With statistics indicating that up to 11 per cent of road fatality crashes involving drivers and riders are linked to distraction, the technology could be implemented to crack down on distraction offences in a move which could reduce the number of lives lost on Victorian roads.
The technology is already being rolled out across Australia. Last year the New South Wales government conducted a world-first trial with the technology - which was closely monitored in Victoria.

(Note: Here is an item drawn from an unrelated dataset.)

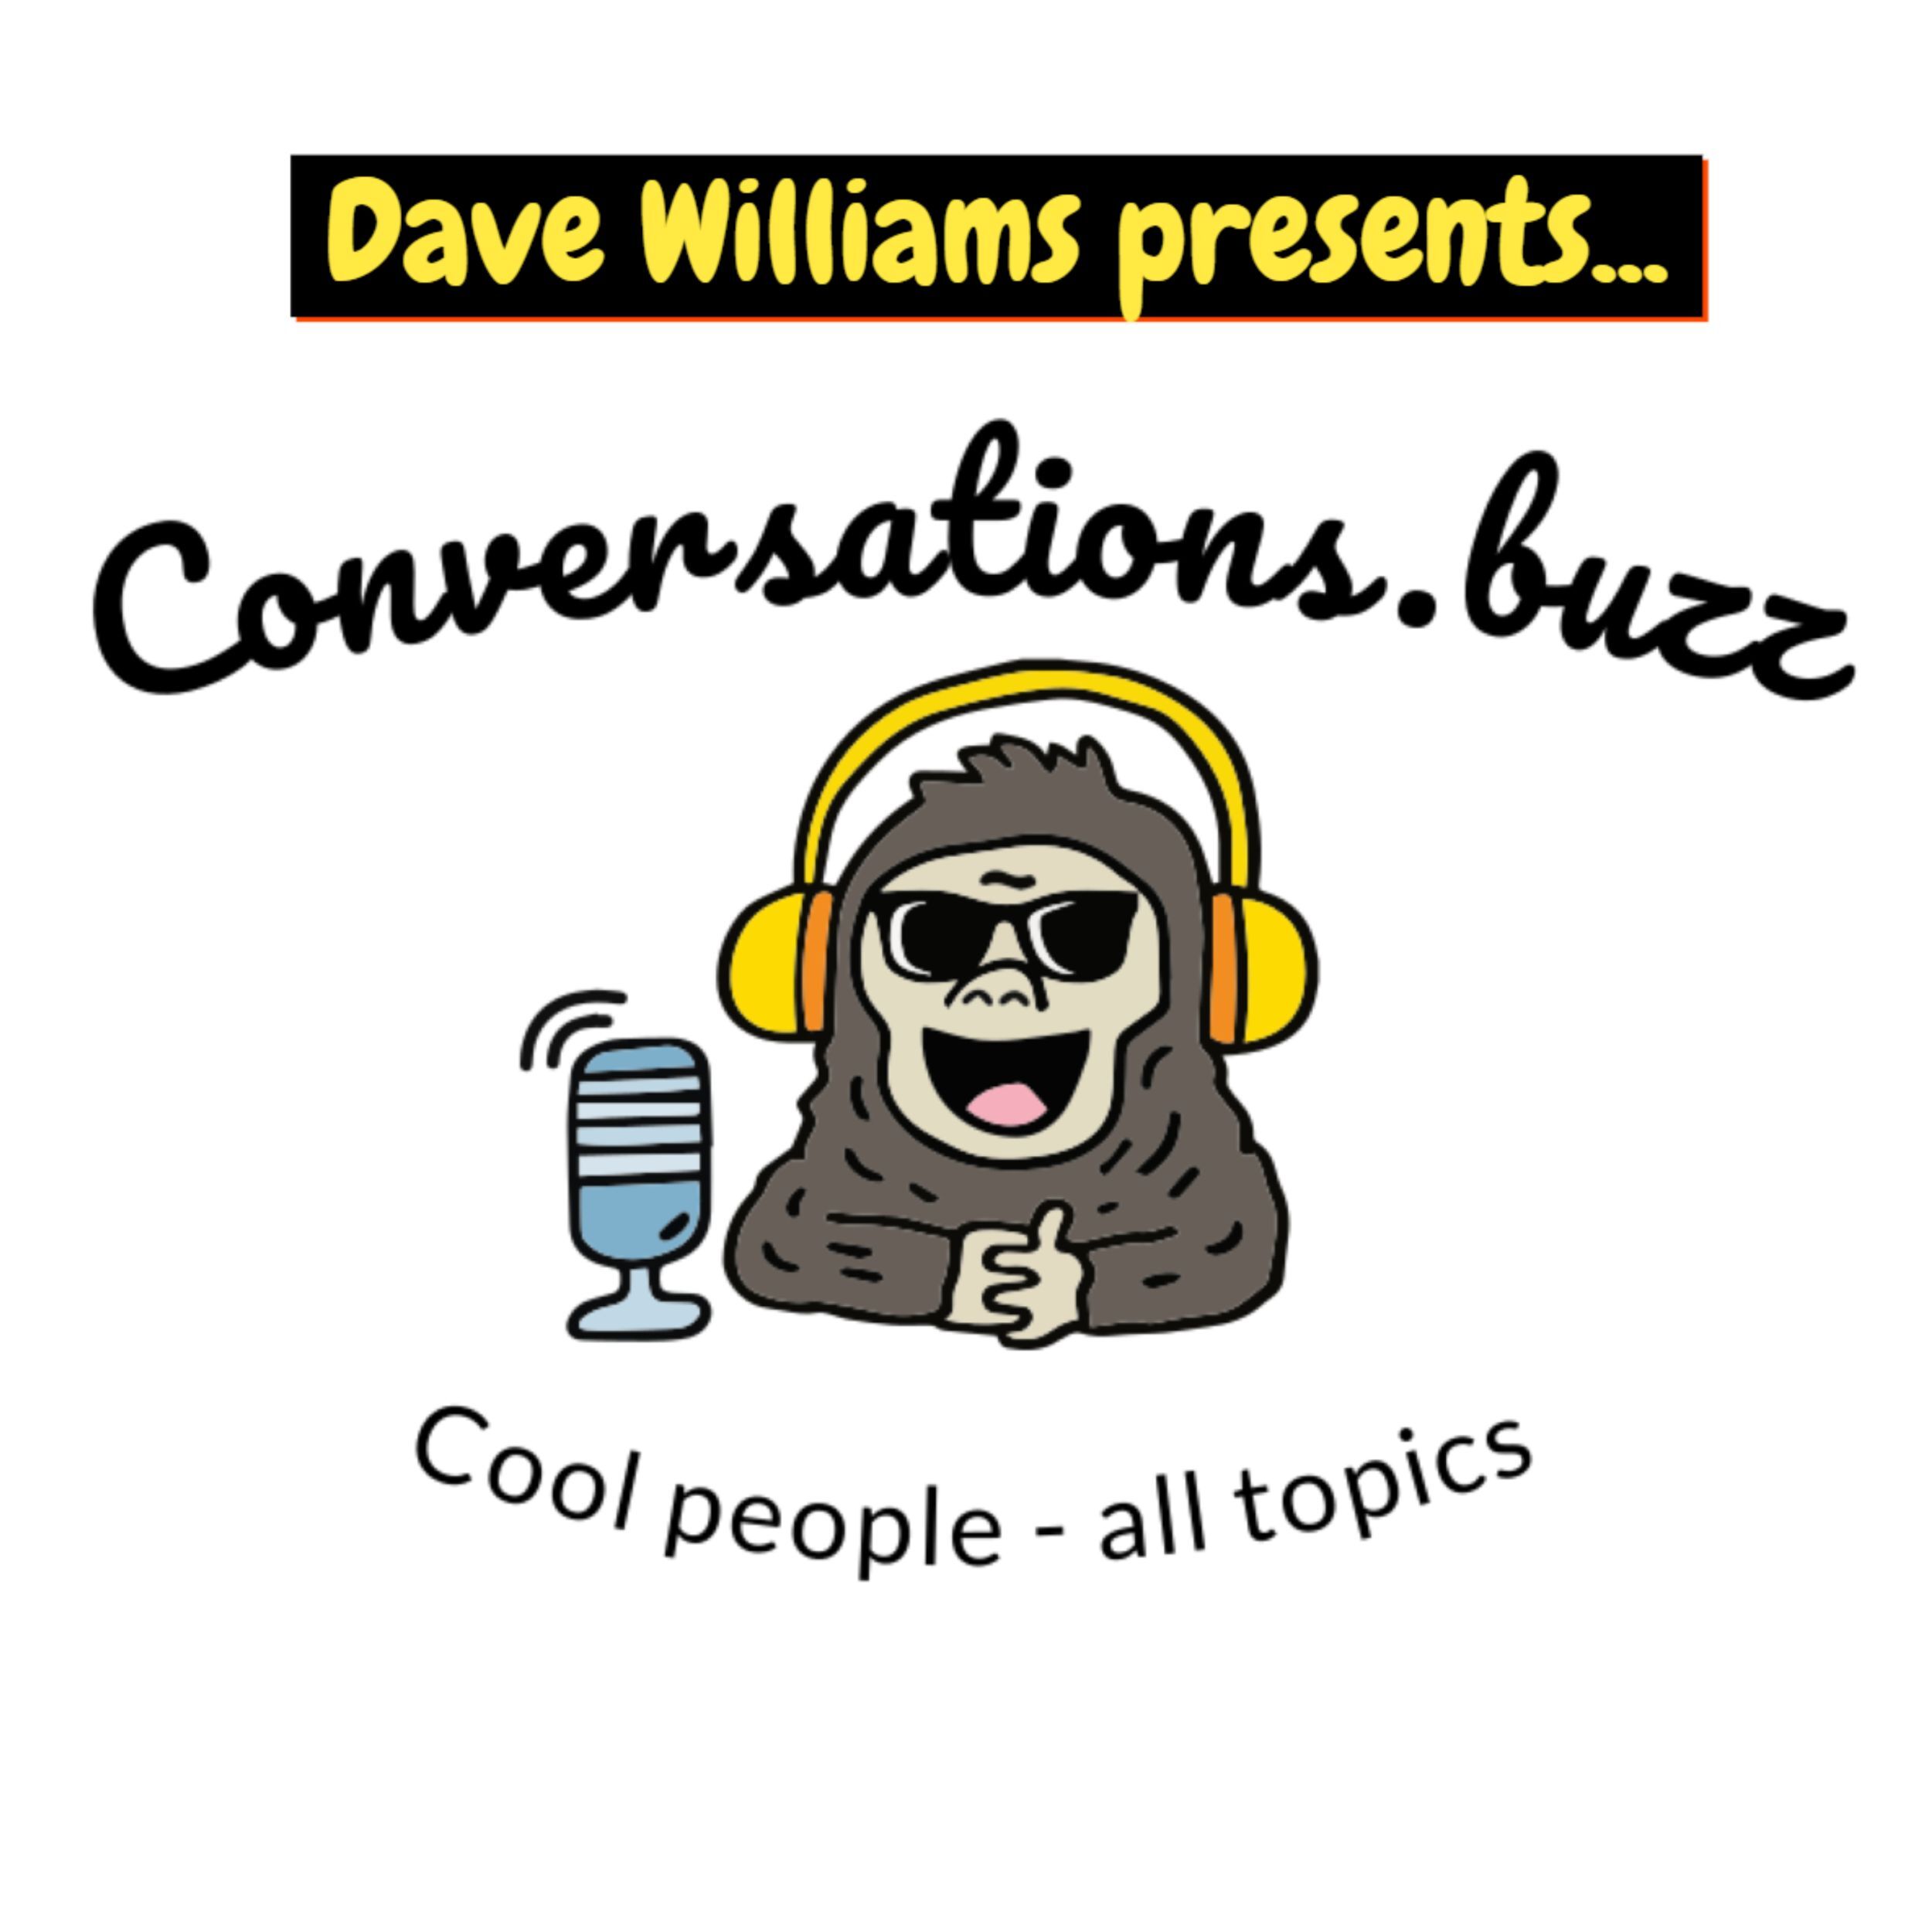 www.conversations.buzz

It has now been rolled out across the state.
A similar trial will also be conducted in Queensland from this week.
The Victorian trial - to be undertaken by Melbourne-based provider Acusensus and the current traffic camera services contractor - follows the trial in NSW as well as research conducted by the Monash University Accident Research Centre.
MUARC estimated an automated mobile phone enforcement camera program could prevent about 95 casualty crashes per year - saving taxpayers $21 million each year.
If introduced in Victoria, the cameras will be able to capture high-resolution images from any location around-the-clock.
The cameras can operate in any weather condition or lighting level, with the images able to be reviewed in real time - meaning more drivers would be caught out if the technology were to be rolled out statewide.
No infringements will be issued during the trial.
Number plate matching will not be undertaken, while all photographs captured will be deleted except for some images which will be de-identified.
Police and Emergency Services minister, Lisa Neville, said distracted drivers could have devastating outcomes and the technology was a step to keep road users safe.
"We all have a role to play in reducing our road toll - every time someone picks up their phone behind the wheel they are putting lives in danger.
"This technology will detect those who choose to put lives at risk on our roads."
The state government provided more than $120 million in the 2019-20 budget to increase mobile camera enforcement by 75 per cent and to investigate new road safety camera capabilities.